Prescriptive compliance usually involves the lowest overall design budget, since the design must only factor in all the individual requirements contained in Title 24 mandatory, required, and prescriptive chapters. The prescriptive approach can be limiting – particularly if you’re doing something novel or wish to be particularly efficient in one building application to afford yourself extra power in another application (e.g. designing a particularly efficient building envelope and in exchange specifying less efficient space conditioning hardware).

Generally, when I work with customers looking for electrification, I like to plan around prescriptive code compliance, which is the most well suited for existing buildings, since we only need to be concerned specifically with the hardware and system we’re modifying. Performance compliance is still an option; although I wouldn’t expect the results to be terrible accurate (even if they meet Title 24 allowances).

§141.0 Additions, Alterations, and Repairs of Existing Non-Residential Buildings

§141.0 (b) 2 C: New or replacement space-conditioning systems or components have to meet the requirements discussed in §140.4, with a few exceptions – none of which apply directly to space heating systems. That means replacement single-zone units, boilers, coils, and other heating heat exchangers must meet the requirements outlines above – with no particular carve-outs for existing buildings. This could have some pretty significant impacts on many replace-on-burn out projects.

What Does This Mean for Electrification in California?

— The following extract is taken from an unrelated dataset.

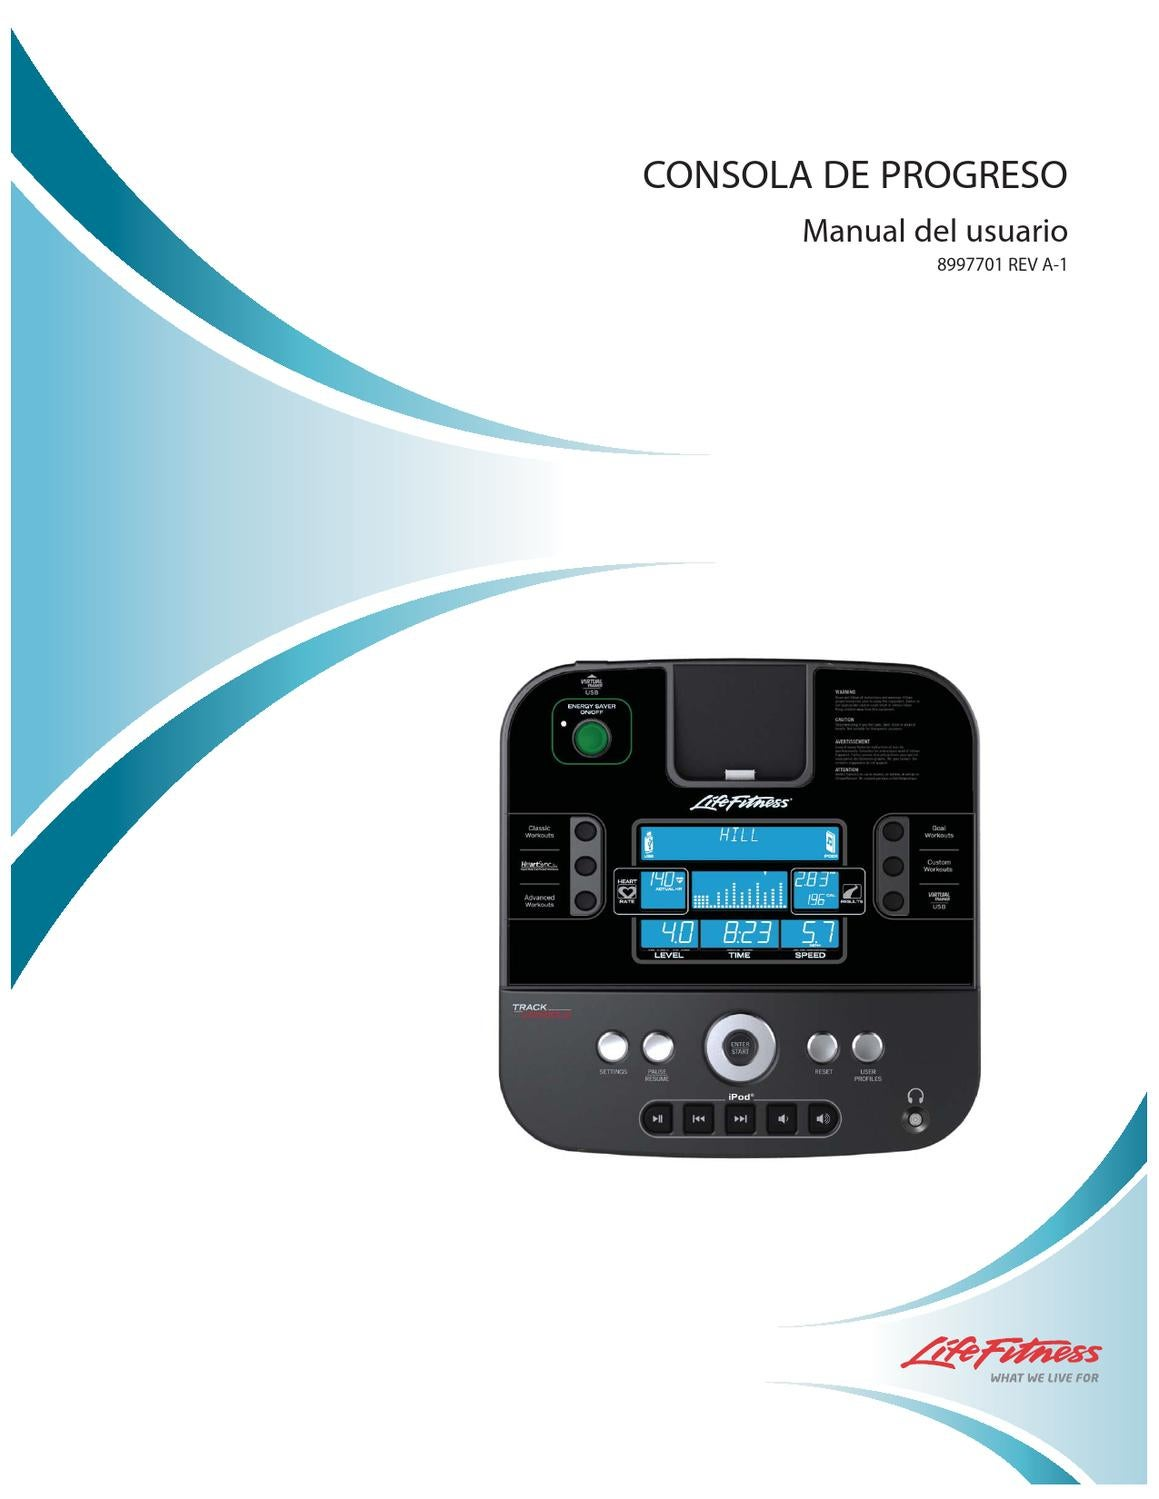 Manual instrucciones Consola Track by GymCompany Spain - issuu

On the whole, I think the hype is well justified. Title 24-2022 makes good on their goal for commercial building electrification with some common-sense requirements for building electrification. Existing building electrification will remain a hurdle to navigate and plan around. Specifically, the requirement that most failed single-zone package units in existing buildings need to include heat pumps of one sort or another could create structural headaches (heat pumps are generally heavier than a conventional DX-gas pack) and electrical infrastructure (heat pump heating systems – particularly with electric resistance supplemental heating coils – could tax the existing conductor sizing, panel capacity, and ultimately the electrical service to the site).

If your building type isn’t affected by these requirements yes, consider this a preview of what’s to come. As evidence accumulates that these systems are practical and heat pump technology improves, these requirements will come to additional building types and applications.